60 F.3d 836
NOTICE: Ninth Circuit Rule 36-3 provides that dispositions other than opinions or orders designated for publication are not precedential and should not be cited except when relevant under the doctrines of law of the case, res judicata, or collateral estoppel.
Kent Louis WALLACE, Plaintiff-Appellee,
v.
Cliff LATHROPE, Rick Del Fiorentino, and The City of Fort
Bragg, Defendants-Appellants.
No. 94-15099.
United States Court of Appeals, Ninth Circuit.
Submitted June 26, 1995.*
July 3, 1995.
Before: O'SCANNLAIN, LEAVY, and HAWKINS, Circuit Judges.
MEMORANDUM**
Fort Bragg police officers Cliff Lathrope and Rick Del Fiorentino ("Officers") appeal the district court's denial of their motion for summary judgment based on qualified immunity in Kent Wallace's 42 U.S.C. Sec. 1983 action alleging that his civil rights were violated when the Officers entered his apartment and arrested him. We have jurisdiction pursuant to the collateral order doctrine, Mitchell v. Forysth, 472 U.S. 511, 530 (1985), and we affirm. The Officers and The City of Fort Bragg appeal the district court's denial of their motion for summary judgment on Wallace's pendant state claims.

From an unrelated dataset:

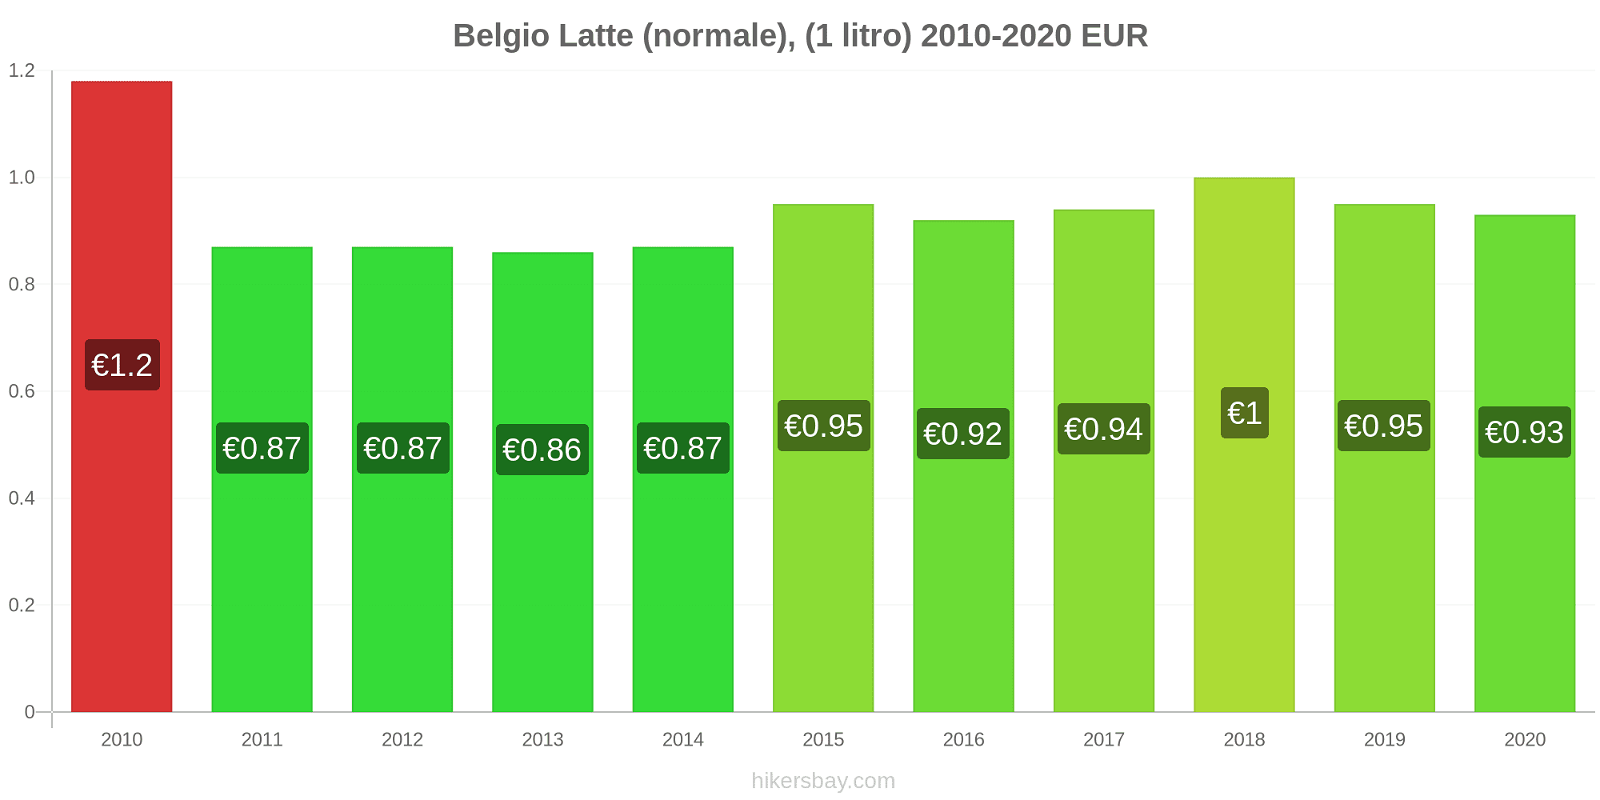 Belgio variazioni di prezzo Latte (1 litro) hikersbay.com
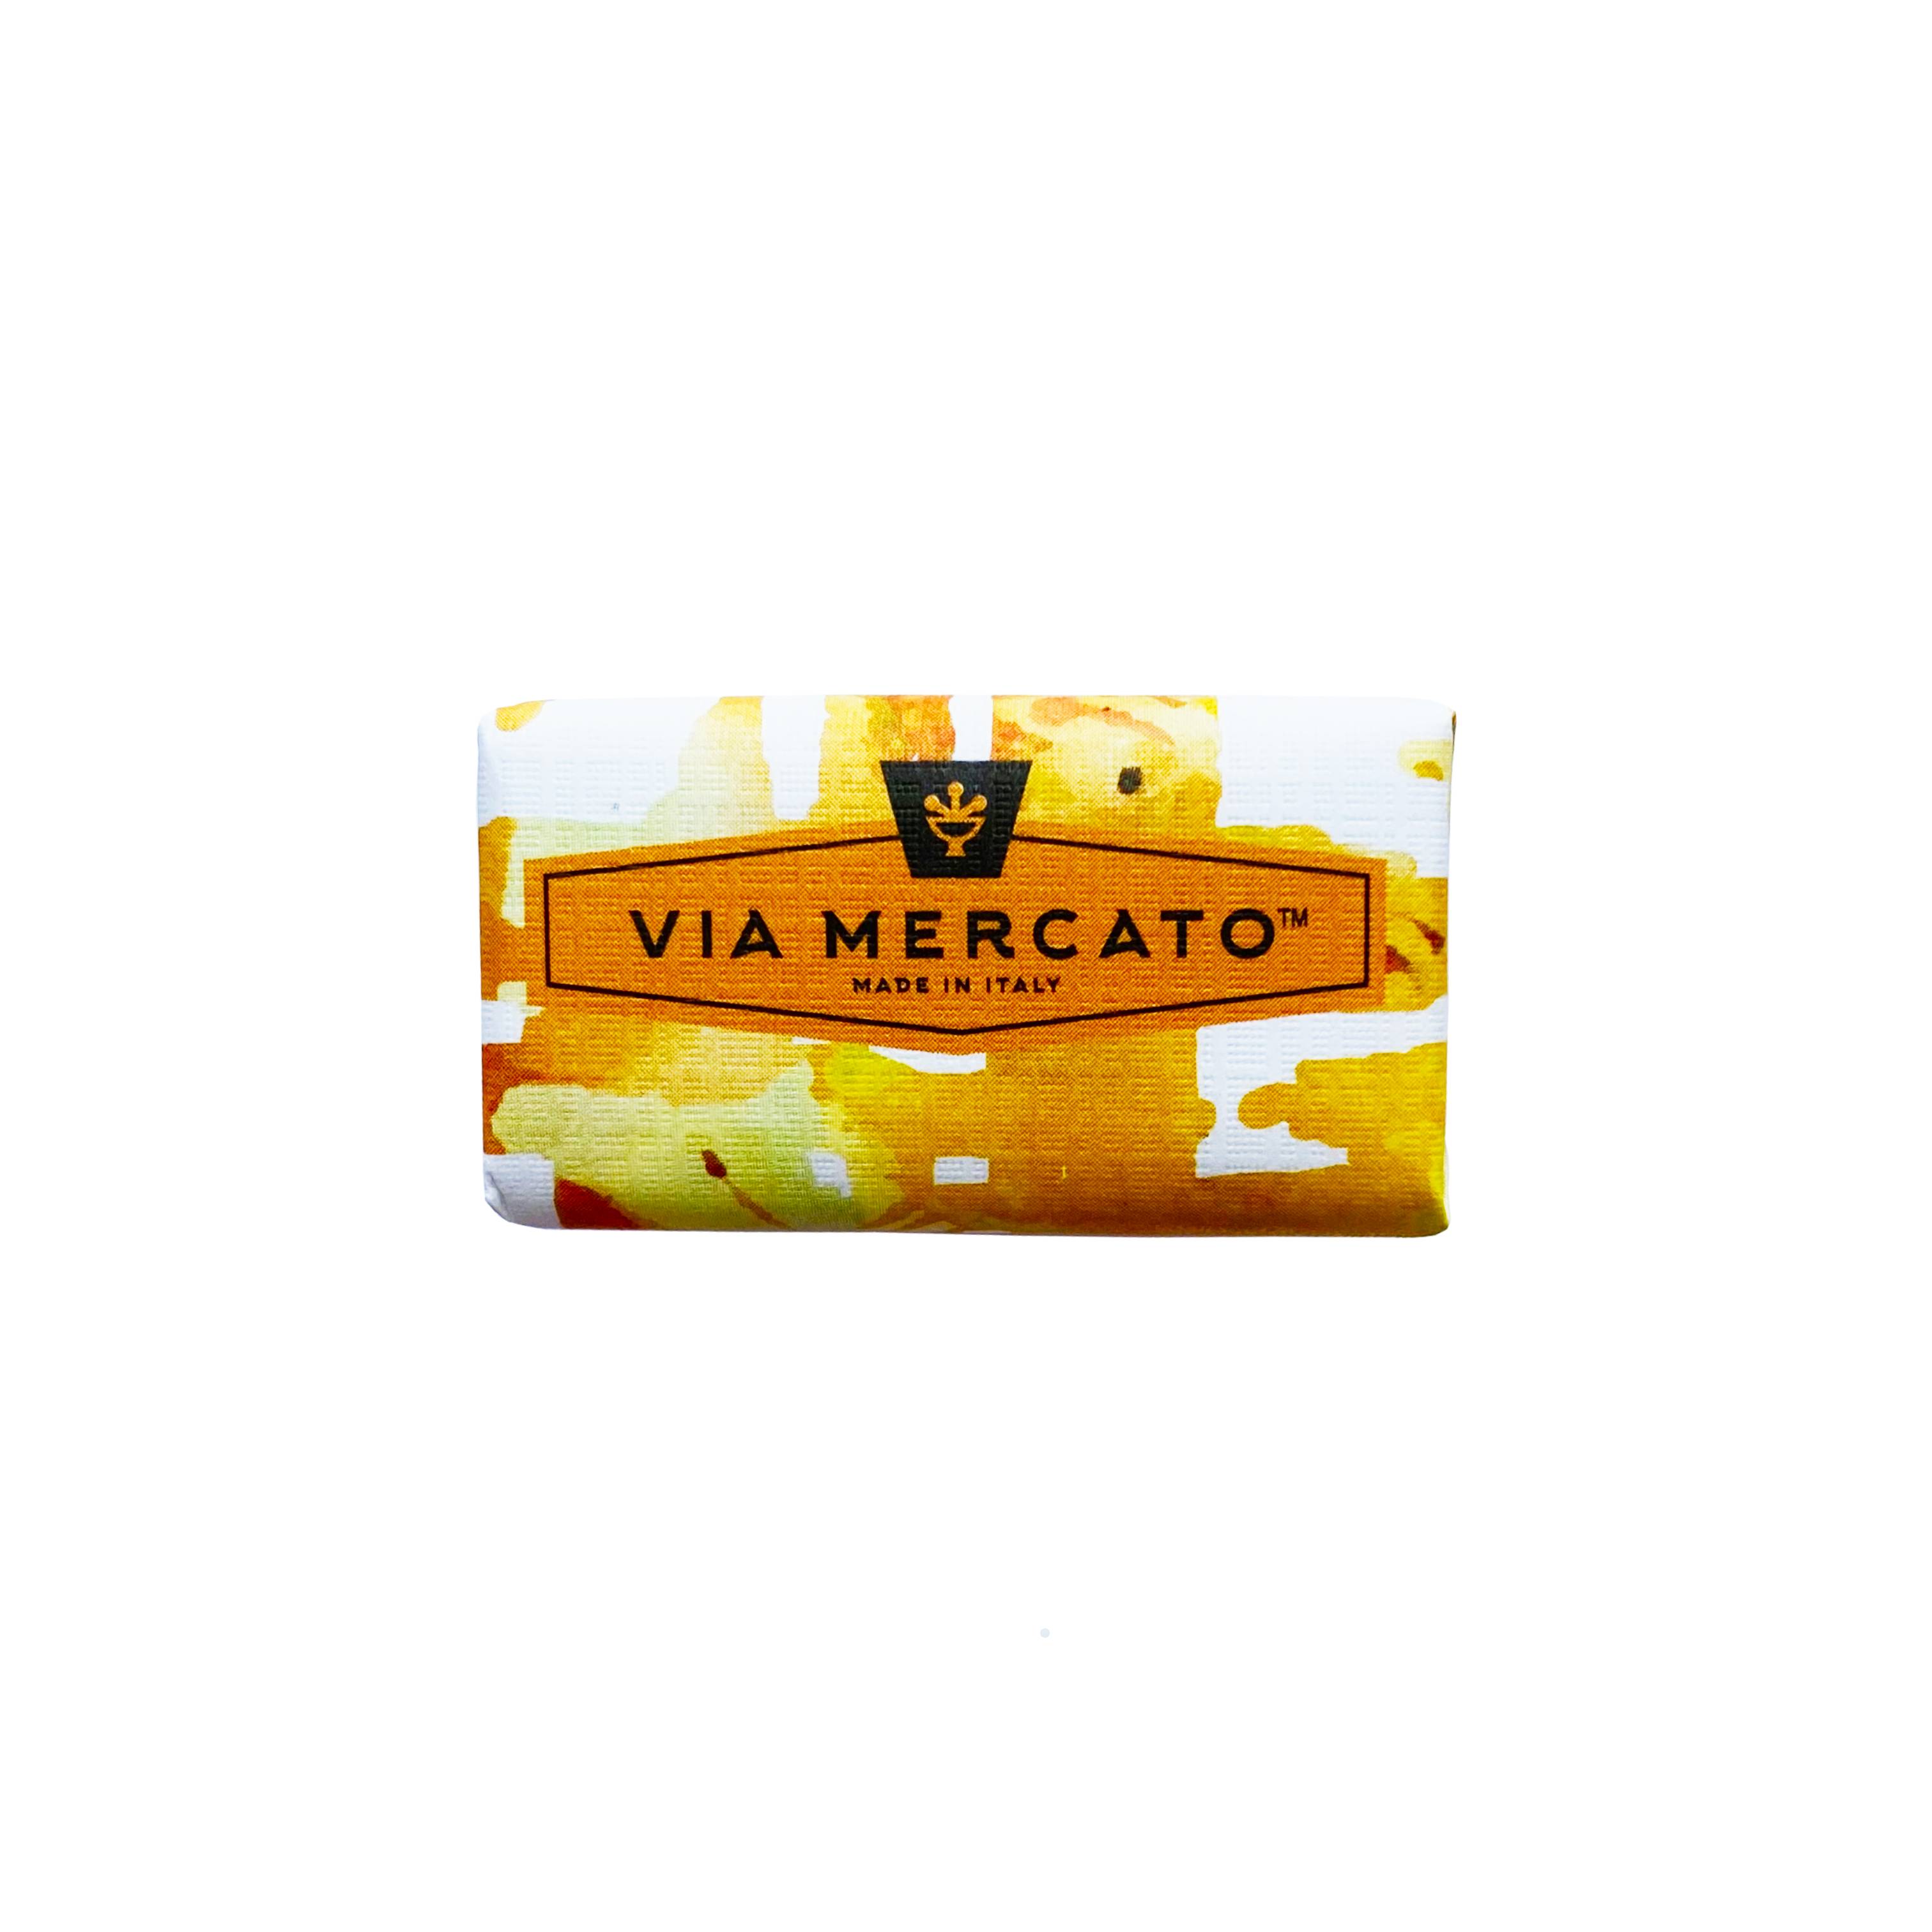 Мыло Via Mercato No. 6 — инжир, апельсиновый цвет и кедр

We dismiss this portion of the appeal for lack of jurisdiction.
A. Qualified Immunity
We review de novo the district court's denial of a qualified immunity defense. Act Up!/Portland v. Bagley, 988 F.2d 868, 871 (9th Cir. 1993).
To determine whether an official is entitled to qualified immunity, a court must determine (1) whether the right allegedly violated was "clearly established" at the time of the alleged violation, and (2) whether, in light of that law, a reasonable official could have believed his conduct to be lawful. Id. Plaintiff bears the burden of proving the right allegedly violated was clearly established at the time of the officials allegedly impermissible conduct. Camirillo v. McCarthy, 998 F.2d 638, 639 (9th Cir. 1993). Once the plaintiff meets its burden, the burden shifts to the official to prove that a reasonable official could have believed that his conduct was lawful. Neely v. Feinstein, 50 F.3d 1502, 1508-09 (9th Cir. 1995).
1. Search
Police entry into a house without a warrant is constitutionally permissible if there exist (1) probable cause for the search, and (2) exigent circumstances that justify dispensing with the warrant requirement. Murdock v. Stout, No. 93-56248, 1994 WL 239366, at * 3 (9th Cir. Apr. 26, 1995). Exigent circumstances has been defined as: "those circumstances that would cause a reasonable person to believe that entry ... was necessary to prevent physical harm to the officers or other persons, the destruction of relevant evidence, the escape of the suspect, or some other consequence improperly frustrating legitimate law enforcement efforts." Id. (quotation omitted).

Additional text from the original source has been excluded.